Kallmann’s syndrome. This syndrome is isolated gonadotrophin (GnRH) deficiency (p. 976).This syndrome arises due to mutations in the KAL1 gene which is located on the short (p) arm of the X chromosome. Kallmann’s is classically characterized by anosmia because the KAL1 gene provides instructions to make anosmin, which has a role in development of both the olfactory system as well as migration of GnRH secreting neurones.
Investigations
Tests range from the simple basal levels (e.g. free T4 for the thyroid axis), to stimulatory tests for the pituitary, and tests of feedback for the hypothalamus (Table 19.7). Assessment of the hypothalamic-pituitary-adrenal axis is complex: basal 09:00 hours cortisol levels above 400 nmol/L usually indicate an adequate reserve, while levels below 100 nmol/L predict an inadequate stress response. In many cases basal levels are equivocal and a dynamic test is essential: the insulin tolerance test (Box 19.2) is widely regarded as the ‘gold standard’ but the short ACTH stimulation test (Box 19.1), though an indirect measure, is used by many as a routine test of hypothalamic-pituitary-adrenal status. Occasionally, the difference between ACTH deficiency and normal HPA axis can be subtle, and the assessment of adrenal reserve is best left to an experienced endocrinologist.
Box 19.2
Insulin tolerance test
Procedure
Test explained to patient and consent obtained
Should only be performed in experienced, specialist units
Exclude cardiovascular disease (ECG), epilepsy or unexplained blackouts; exclude severe untreated hypopituitarism (basal cortisol must be >100 nmol/L; normal free T4)
Intravenous hydrocortisone and glucose available for emergency
Overnight fast, begin at 08:00–09:00 hours
Soluble insulin, 0.15 U/kg, i.v. at time 0
Glucose, cortisol and GH levels at 0, 30, 45, 60, 90, 120 min
Treatment
Steroid and thyroid hormones are essential for life. Both are given as oral replacement drugs, as in primary thyroid and adrenal deficiency, aiming to restore the patient to clinical and biochemical normality (Table 19.8) and levels are monitored by routine hormone assays. Note: Thyroid replacement should not commence until normal glucocorticoid function has been demonstrated or replacement steroid therapy initiated, as an adrenal ‘crisis’ may otherwise be precipitated.
Sex hormones are replaced with androgens and oestrogens, both for symptomatic control and to prevent long-term problems related to deficiency (e.g. osteoporosis).

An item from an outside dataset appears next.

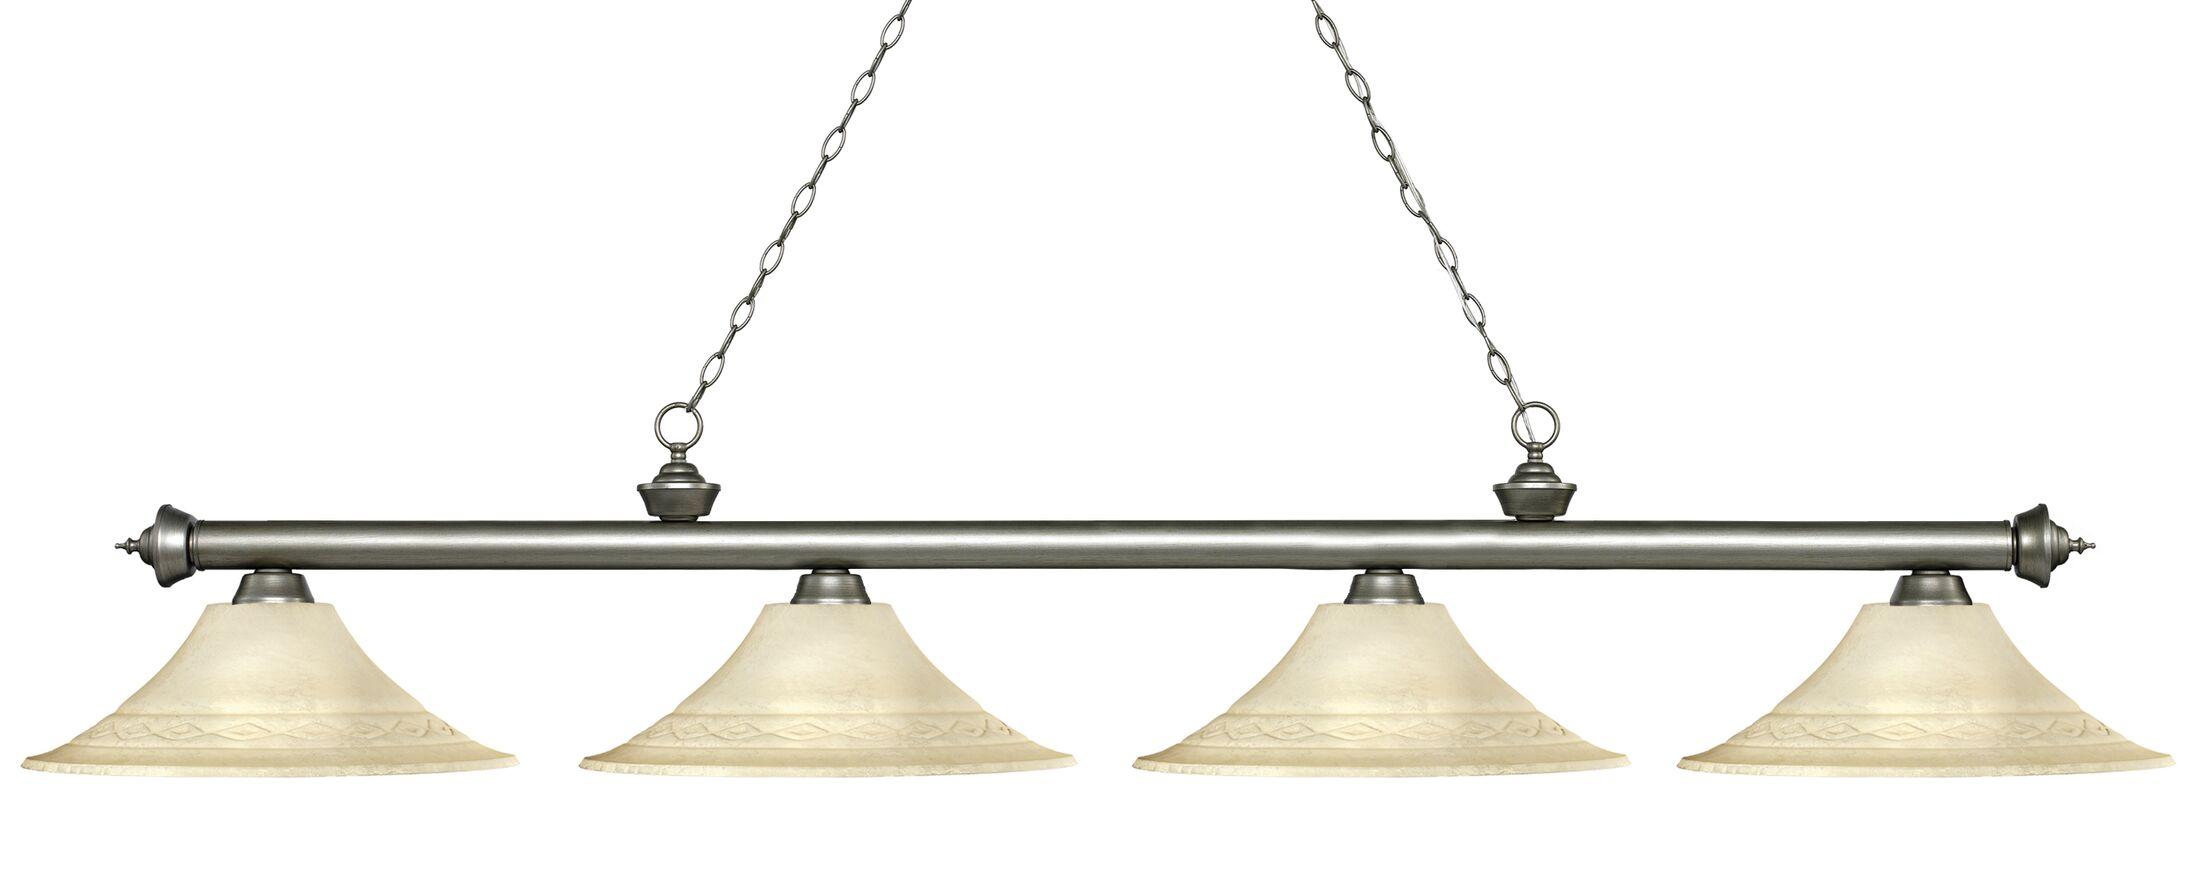 Zephyr 4-Light Bell Shade Billiard Light Finish: Antique Silver, Shade Color: Golden

When fertility is desired, gonadal function is stimulated directly by human chorionic gonadotrophin (HCG, mainly acting as LH), purified or biosynthetic gonadotrophins, or indirectly by pulsatile gonadotrophin-releasing hormone (GnRH – also known as luteinizing hormone-releasing hormone, LHRH); all are expensive and time-consuming and should be restricted to specialist units.
GH therapy is given in the growing child, under the care of a paediatric endocrinologist. In adult GH deficiency, GH therapy also produces improvements in body composition, work capacity and psychological wellbeing, together with reversal of lipid abnormalities associated with a high cardiovascular risk, and often results in significant symptomatic benefit in some cases. NICE recommends GH replacement for people with severe GH deficiency and significant quality of life impairment. It is expensive and in the UK costs £2500–6000 per annum.
Glucocorticoid deficiency may mask impaired urine concentrating ability, diabetes insipidus only becoming apparent after steroid replacement because steroids are required for excretion of free water.